Her hands at her belly, Lilian darted away.

She seemed to return almost instantly, with her arms full of things. She dropped them on the floor at Frances’s feet: a gingham apron from the kitchen, a blue knitted scarf from the rack, a pair of dark shoes of her own, another pair, of Frances’s, that she had got from Frances’s bedroom. Frances stared at the tangle of it all in disbelief. Lilian picked up the apron and held it out to her.

‘Please, Frances. Let’s just try.’

So, with a feeling of unreality, Frances tied the apron on, rolled back her sleeves, stepped into the shoes; then, shuddering, she squatted and took hold of Leonard’s head. It lolled in her hands, as heavy and uncontrolled as a cabbage in a string bag, and as she tilted it to fasten the cushion in place, the water that she had poured into his mouth came spilling out.

At the same time, once his face was obscured by the scarf it was harder to believe that he was really dead. She got herself behind his shoulders and tried to ease him up from the floor, nervously certain that he was about to wriggle about, protest. But as soon as she’d worked her hands under his armpits and had heaved him a little way towards the door, she had to let him drop: he was as unwieldy as a sodden roll of carpet. She thought, That’s it. We can’t do it. The words came with a gush of relief. Then she saw the fright and the helplessness on Lilian’s greenish face… She gripped again, and this time, by getting her arms hooked further under his, so that his padded head rested bulkily against her chin and shoulder, she was able to lift him and begin to drag. When his feet pulled at the carpet Lilian caught hold of his ankles. They slipped from her fingers after two steps, and she caught instead at his trouser-cuffs.

By the time they had staggered the few yards out to the landing and across to the top of the stairs, Frances was exhausted. And Leonard’s coat was dragging; she set him down and did up its buttons. Then her eye was caught by something dark on the newel post. His hat! They’d forgotten all about it! God, what else might they have forgotten? She reached across and picked it up: his City bowler, stained on the inside, sour and fragrant from the rub of his hair. But how could they carry it, as well as carrying him? The only way was to wear it herself. She began to raise the hat to her head, then looked at Lilian, and couldn’t do it. She couldn’t! It was all too much. It was madness!

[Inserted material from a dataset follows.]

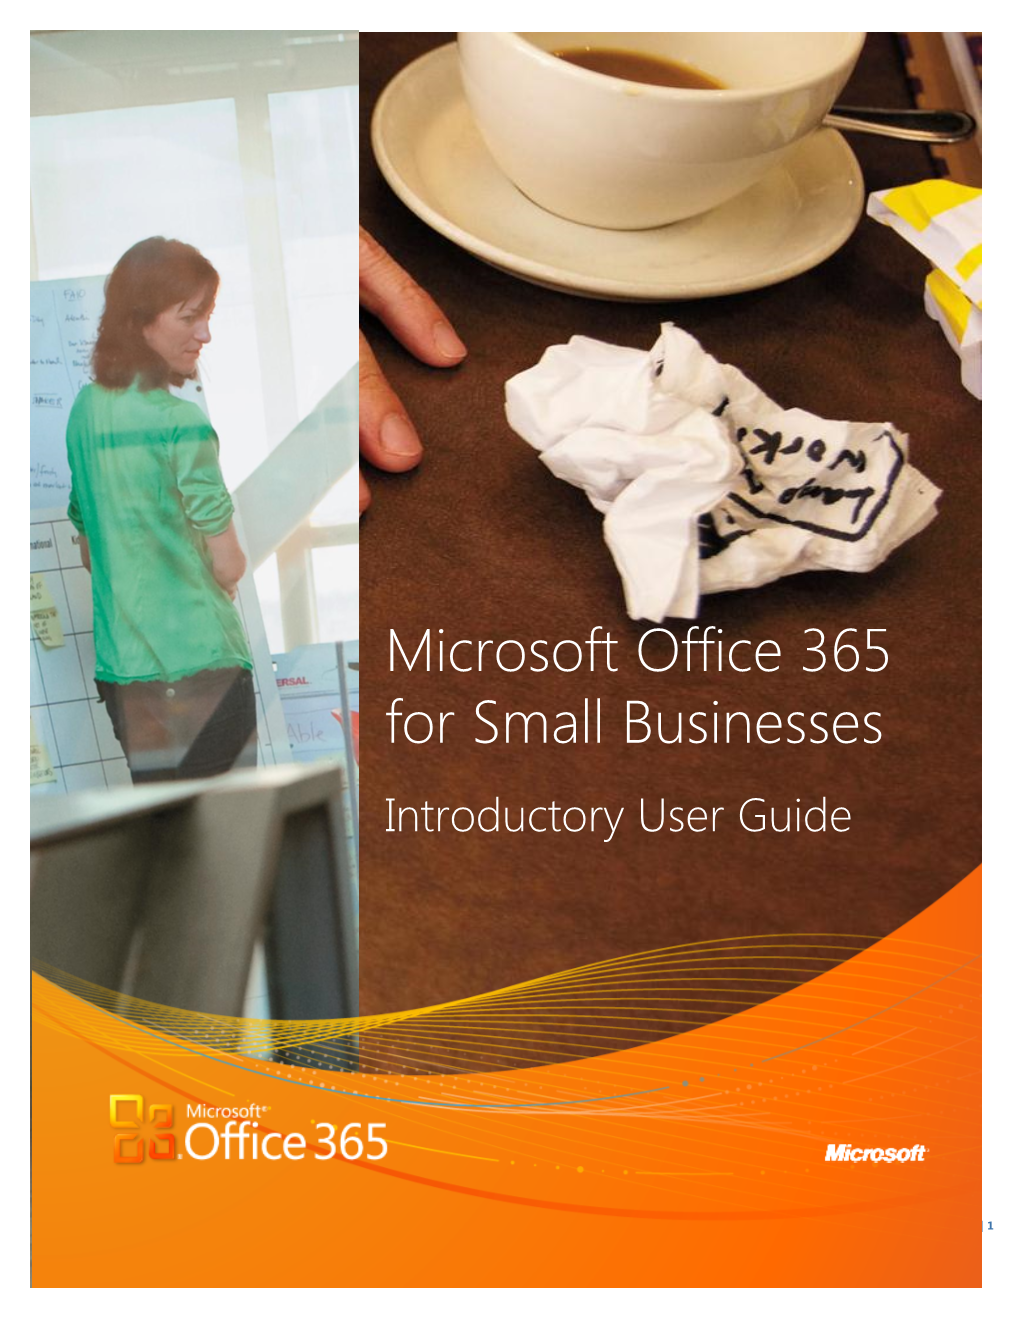 Microsoft Office 365 for Small Businesses Introductory User Guide

But they had moved Leonard this far. And it must be almost quarter to ten by now. If they moved him back, and unbound him, and she ran for the doctor, how would they explain the delay? How would they explain the fact that they had moved him at all? They should never have begun. They had made a mistake! Let’s just try, Lilian had said. But this wasn’t a thing, Frances realised now, that could be tried and then un-started. The panic rose in her again, that black, electric fear… And suddenly the only possible way to beat the fear off was to keep going. She put the hat on her head, and, gesturing for Lilian to be silent, she leaned over the banister, listening. Suppose her mother had come home, unnoticed, some time in the past half-hour? And mightn’t neighbours or passers-by have heard the sounds of argument? But the windows were closed, and the street, so far as she could judge it, was still. She could hear nothing but the pulse of the gaslight, the tick of clocks.